We dropped the habit of recent years of spending New Year’s Eve in Edinburgh. Instead we travelled south to celebrate with A, C, N and S.
S told us that we would be having “something called boeuf bourguignon” for dinner. She kindly started to explain to me what this was until I interrupted and reminded her that I had a degree in French.
Later in the evening one of S and N’s babies, who I discovered lying on his back in his cot, raised his little fists, struck out at my chest, and pushed me upwards. Such was the force that I was sent flying towards the ceiling, where I then got stuck. TPR had to stand on his toes to reach up and pull me back down to the floor again.
By the time that I came back down everyone’s hair had reverted to the colour of their youth.
How not to peer review conference submissions (Rousse)

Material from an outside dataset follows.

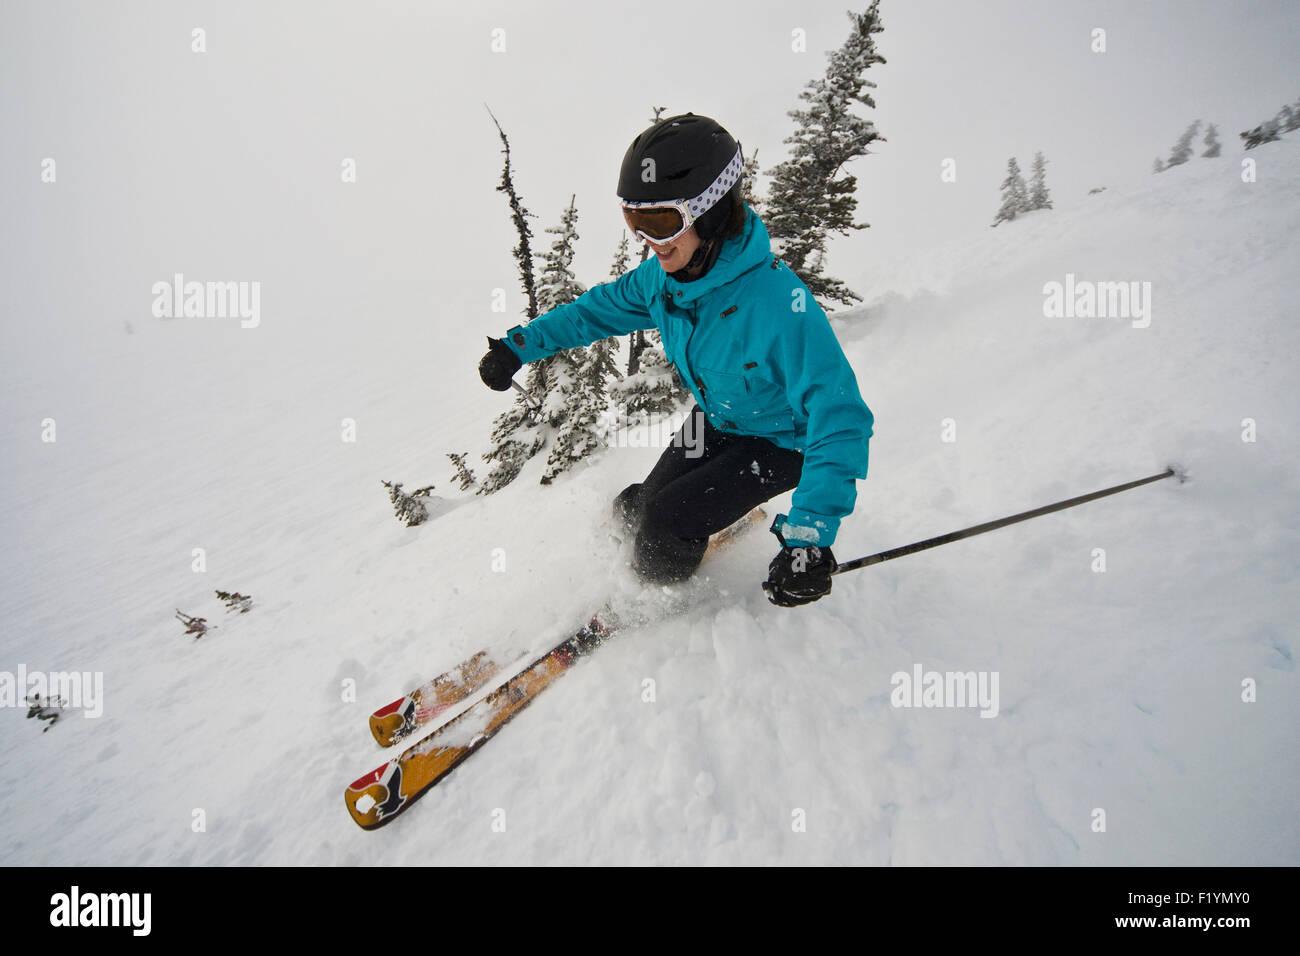 Canada,Skiing,Woman,Smiling,Whistler Mountain - Stock Image

AM reminded me why she would have very little time to herself next academic year: she was organising a conference in Leipzig. Apart from the idiotic behaviour of one of her colleagues, who refereed conference submissions by lining up yellow witch’s hat bollards along the roadside and pinning to them notes of caustic comments hand-written in red crayon, all was going well.
At first I thought this lunatic was one of my colleagues because both men shared the same name. However, I soon found out that the man in question was not the small-framed engineer of my acquaintance, but someone else completely.